The Rentrée will surely add further unpredictability as some workforces continue to stay at home. The geography of comfort and safety in travel will also likely change, as some routes will be empty while others— most likely the cross-border routes – will be overcrowded (and unsafe).

While other cities such as Paris or Brussels took the chance prompted by the COVID-19 outbreak and lockdown policies to improvise with pop-up bike lanes and green street layouts soon to be introduced, the government of the Capital City was quoted in the media that there “wouldn’t be sufficient space available” to do so. Further questions?

In the meantime, the central government is promoting Luxembourg's European transport leadership in terms of per-capita investment in railway infrastructure. While these temporary numbers are actually correct, this is not an overly strong argument, given decades of neglect and the fact that systemwide impact is still lacking. Further, the government still seems to be afraid of SUV-voters, so one does little to domesticate excessive car travel and related mobility habits, for example around schools. These observations actually don’t fit with Luxembourg’s self-assigned role as a forerunner that the country’s officials claim.

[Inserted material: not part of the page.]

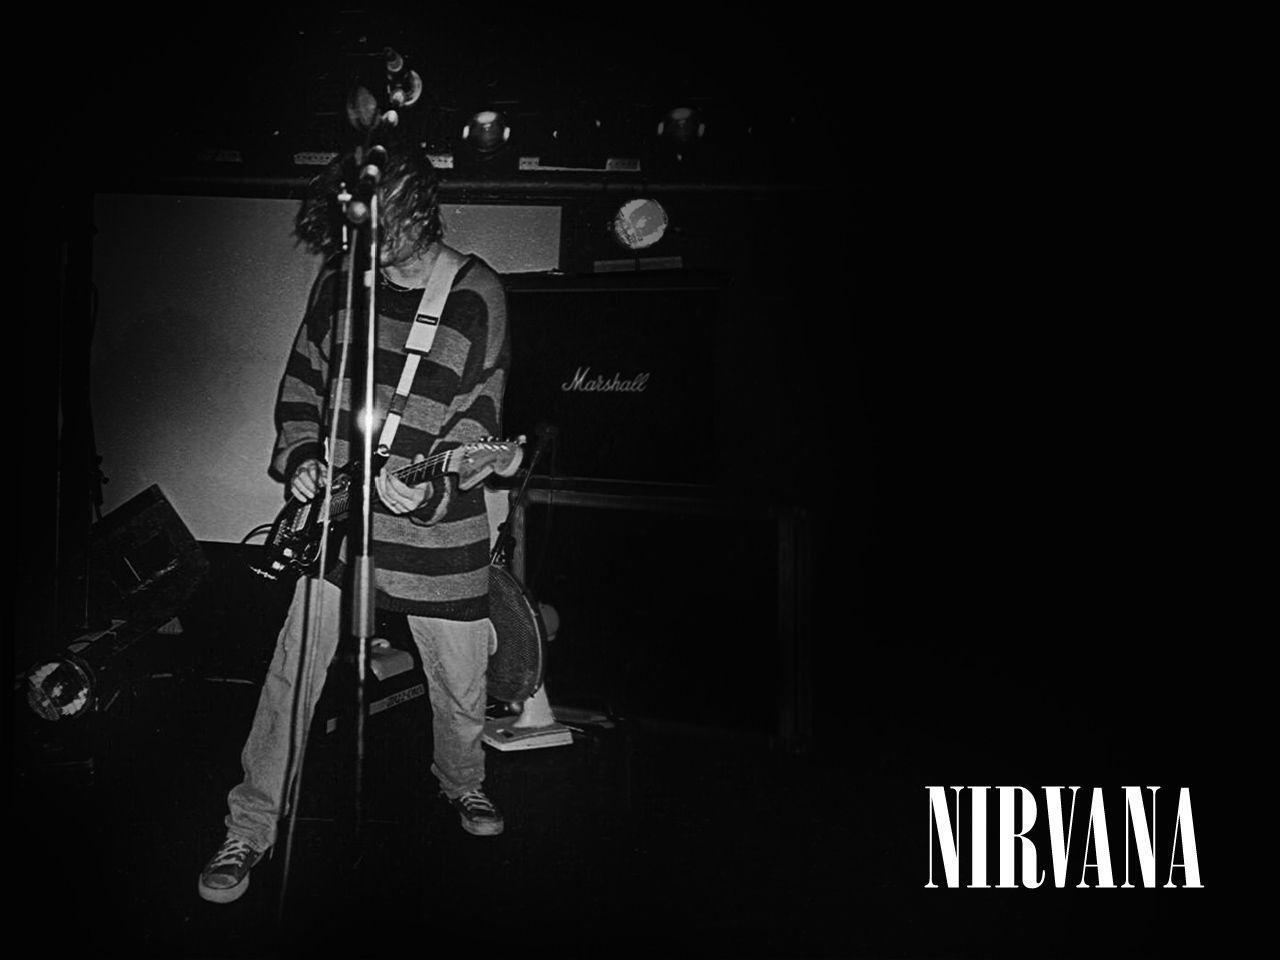 Nirvana Logo Wallpapers - Wallpaper Cave Oasis Band Logo

In a fast-growing urban environment, the most striking issue is the absence of any sort of planning that would convincingly aim to ‘integrate’ urban development and transport as a server, not master. The yet unquestioned practice of development that prioritizes growth by automobility can be best studied in the case of large-scale developments, most visibly those projects that were set up in recent times (Belval, Cloche d'Or), but effectively follow the 1960s blueprint of Plateau Kirchberg. While they are connected by the tram, now or in the near (and not so near) future, they ways are paved with 6 to 8 lane motorways still today, and provide on-site parking in the thousands. These serve a consumer and labour that are, for various reasons, car-oriented.

How Luxembourg’s developments are temporally out of step with modes of pedestrian and cycling transport is illustrated by two stories:

1) The recent construction of a foot and cycle bridge over the highways connecting Cloche d'Or to Hesperange. The speed of construction favoured office buildings, condominiums and road traffic. While better late than never, the danger that pedestrians and cyclists faced was only recognized as an after-thought. It also looks good. 
2) Large scale developments are developer led, private property led, where the interest is nothing more private profit. Check out Flavio Becca's views on Cloche d'Or development on 'his terrain' . Here, too, is a random real estate developer’s view of Luxembourg (it hits all the large-scale developments and is full of unverified 'facts') 

Six months later, we are also still being contacted for interviews, for PhD supervision. For us, it has been interesting observing the various levels of background research that interviewers do, or the expectations that researchers have on learning outcomes of this phenomenon. Of them all, we still like the ones from Der Tagesspiegel and Tom Scott the best. It has also been a lesson in how research fame works: popular subjects, big journals, circulate faster and further.